If pack runs out of items, it will supply null strings (which are coerced into
zeroes whenever the pack code says so).
The pack code for big-endian (high order byte at the lowest address) is n for 16
bit and N for 32 bit integers. You use these codes if you know that your data comes
from a compliant architecture, but, surprisingly enough, you should also use these pack codes if
you exchange binary data, across the network, with some system that you know next to nothing
about. The simple reason is that this order has been chosen as the network order, and all
standard-fearing programs ought to follow this convention. (This is, of course, a stern backing
for one of the Lilliputian parties and may well influence the political development there.) So,
if the protocol expects you to send a message by sending the length first, followed by just so
many bytes, you could write:
my $buf = pack( 'N', length( $msg ) ) . $msg;
|
|
or even:
my $buf = pack( 'NA*', length( $msg ), $msg );
|
|
and pass $buf to your send routine.
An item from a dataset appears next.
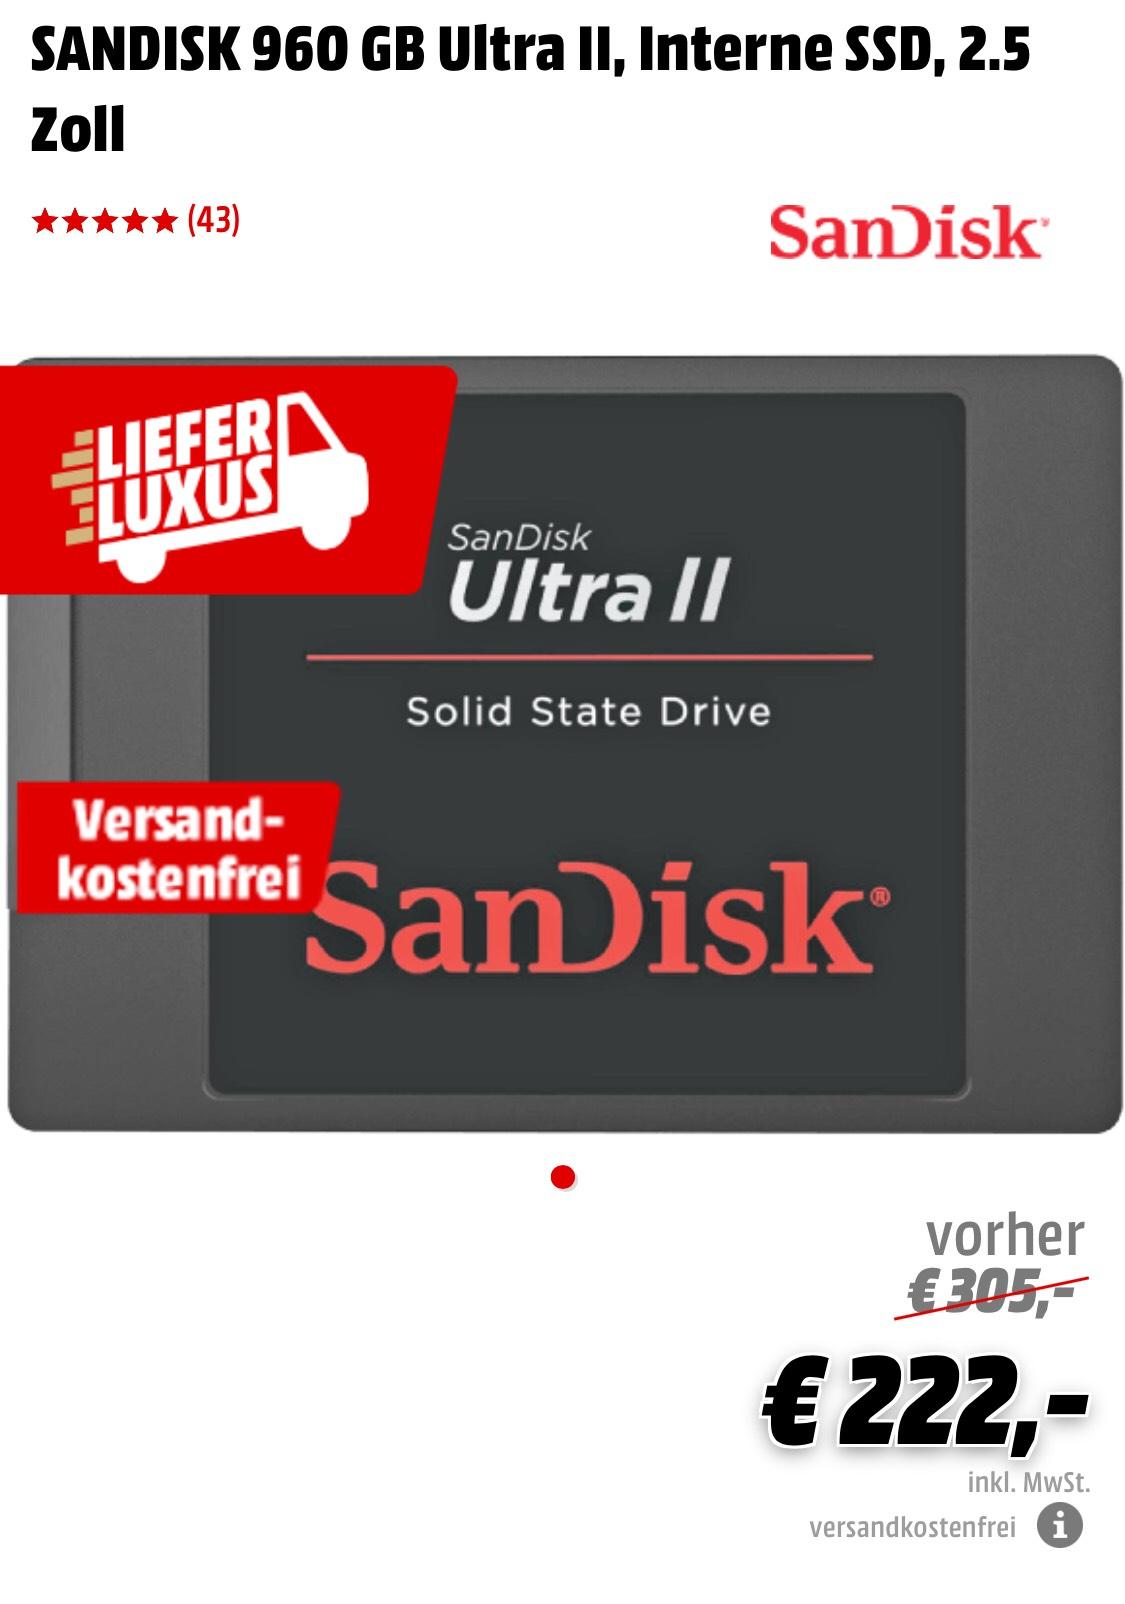 SANDISK 960 GB Ultra II, Interne SSD, 2.5 Zoll

Some protocols demand that the count should
include the length of the count itself: then just add 4 to the data length. (But make sure to
read "Lengths and Widths" before you really code
this!)
For packing floating point numbers you have the choice between the pack codes f
and d which pack into (or unpack from) single-precision or double-precision
representation as it is provided by your system. (There is no such thing as a network
representation for reals, so if you want to send your real numbers across computer boundaries,
you'd better stick to ASCII representation, unless you're absolutely sure what's on the other
end of the line.)
|
|